Fadili M J, Ruan S, Bloyet D, Mazoyer B
GREYC-ISMRA UPRESA 6072, 6 Bd Maréchal Juin, 14050, Caen, France.
Med Image Anal. 2001 Mar;5(1):55-67. doi: 10.1016/s1361-8415(00)00035-9.
The aim of this paper is to present an exploratory data-driven strategy based on Unsupervised Fuzzy Clustering Analysis (UFCA) and its potential for fMRI data analysis in the temporal domain. The a priori definition of the number of clusters is addressed and solved using heuristics. An original validity criterion is proposed taking into account data geometry and the partition Membership Functions (MFs). From our simulations, this criterion is shown to outperform other indices used in the literature. The influence of the fuzziness index was studied using simulated activation combined with real life noise data acquired from subjects under a resting state. Receiver Operating Characteristics (ROC) methodology is implemented to assess the performance of the proposed UFCA with respect to the fuzziness index. An interval of choice around 2, a value widely used in FCA, is shown to yield the best performance.

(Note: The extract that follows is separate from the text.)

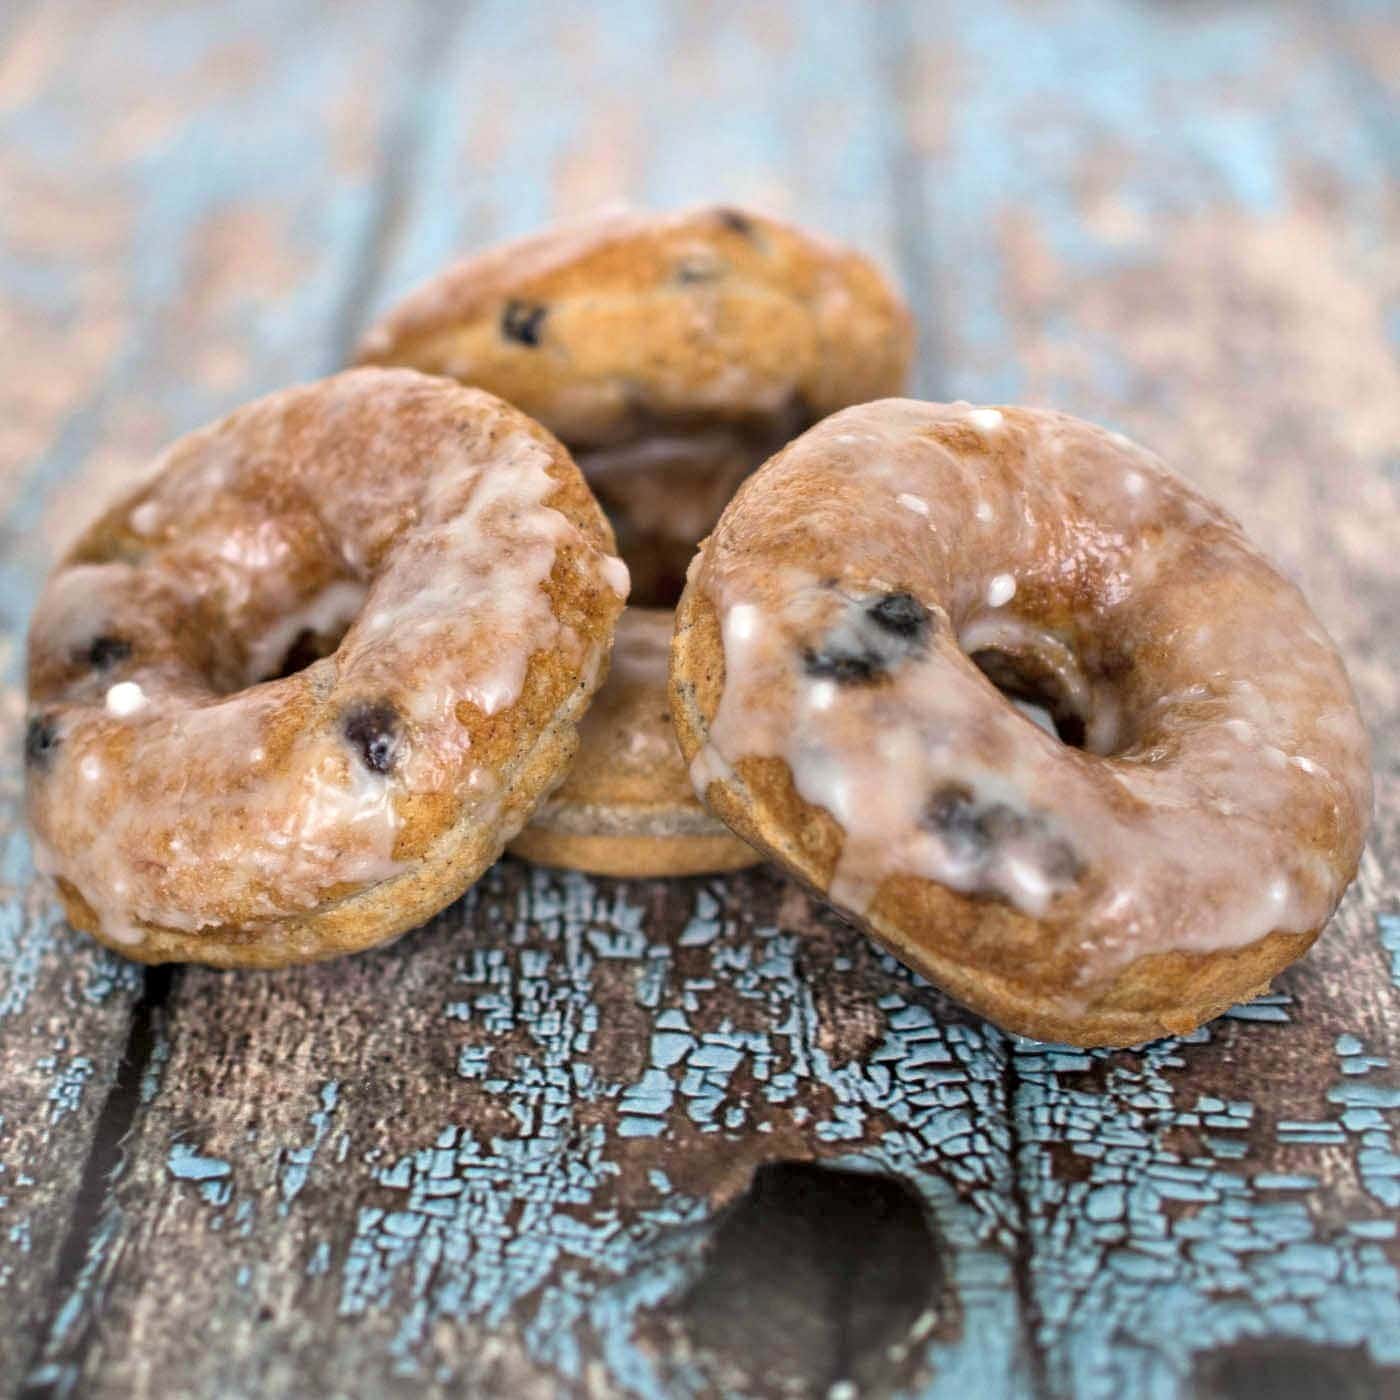 Chai Raisin Donuts with Chai Glaze - sweetly spiced donuts perfect for enjoying with Chai tea.
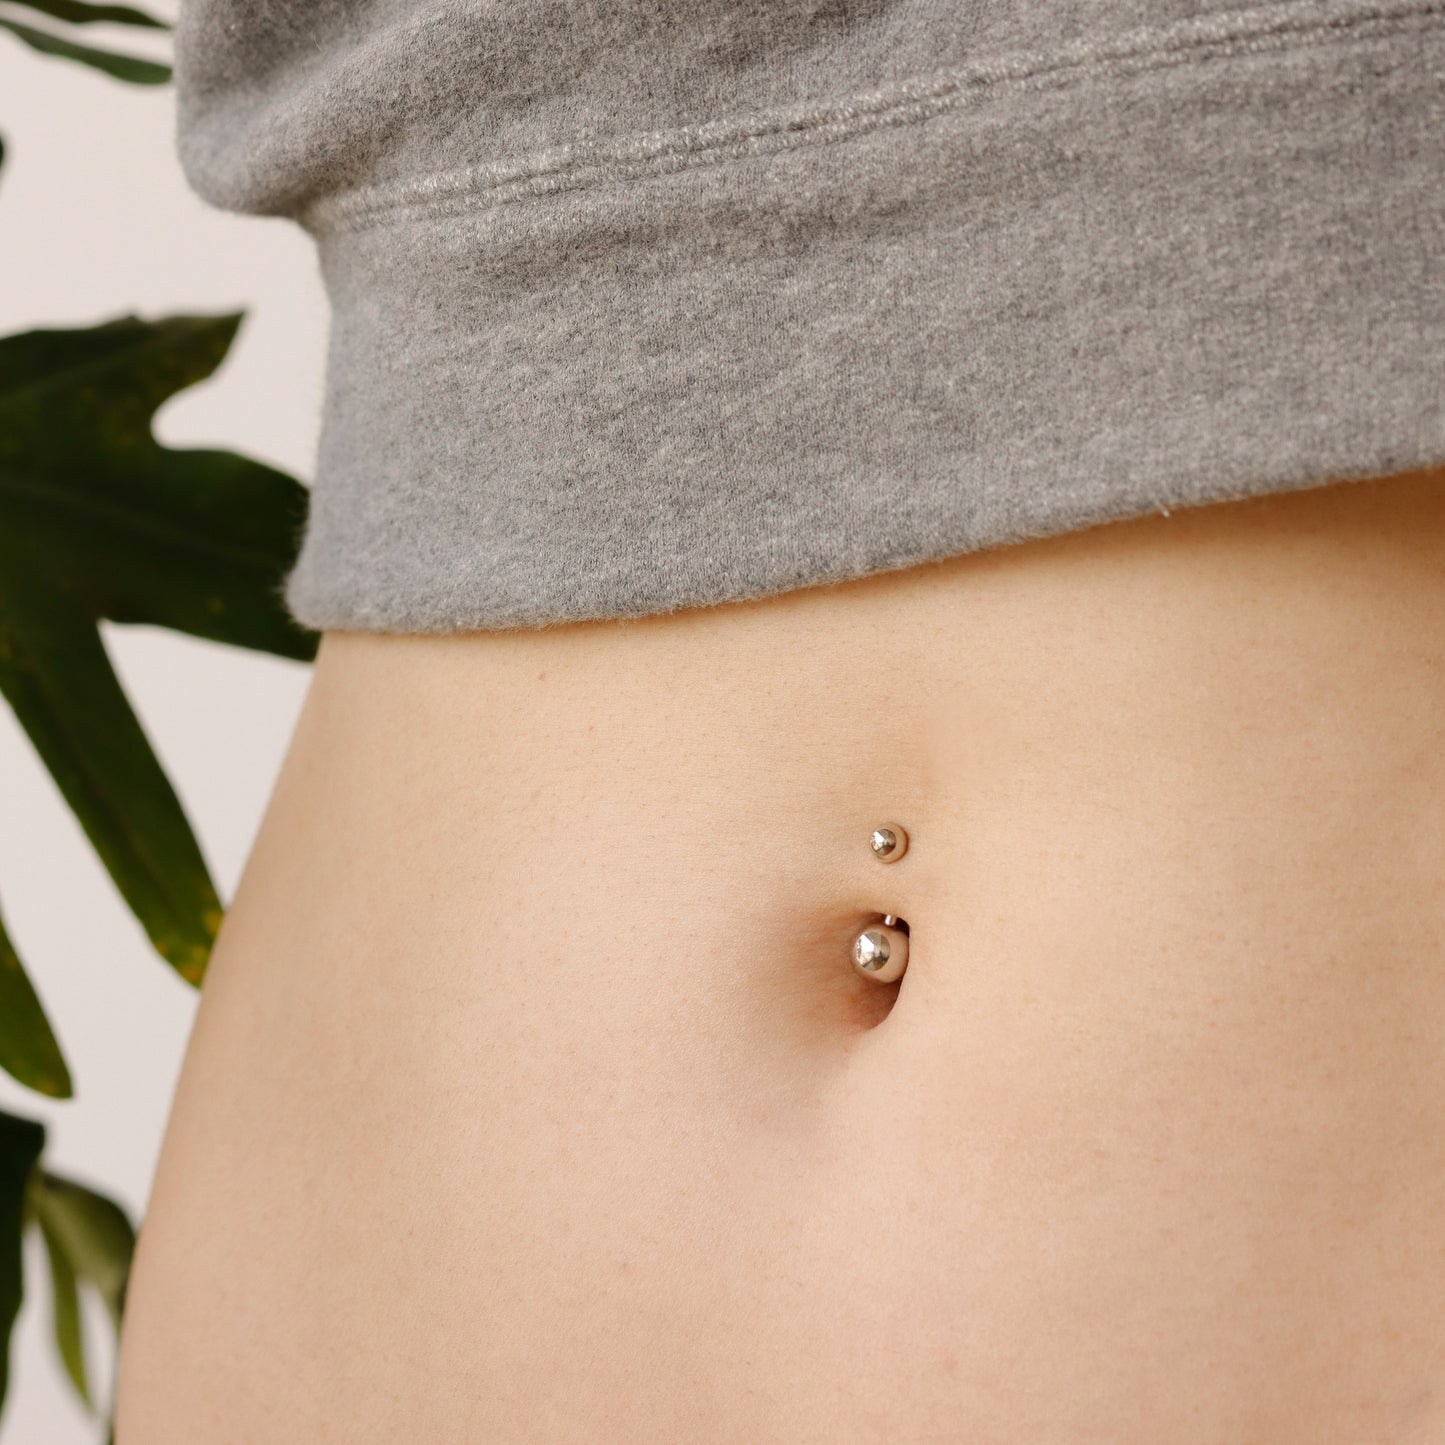 Solid 925 Silver | 16G/14G Classic Ball Combination Belly Ring | 6mm 1/4" 8mm 5/16" 10mm 3/8" - Sturdy South

本文旨在提出一种基于无监督模糊聚类分析(UFCA)的探索性数据驱动策略及其在时域功能磁共振成像(fMRI)数据分析中的潜力。通过启发式方法解决了聚类数量的先验定义问题。提出了一种考虑数据几何形状和划分隶属函数(MFs)的原始有效性标准。从我们的模拟结果来看,该标准优于文献中使用的其他指标。利用模拟激活结合静息状态下从受试者获取的真实噪声数据研究了模糊指数的影响。采用接收者操作特征(ROC)方法来评估所提出的UFCA在模糊指数方面的性能。结果表明,在模糊聚类分析(FCA)中广泛使用的约为2的选择区间能产生最佳性能。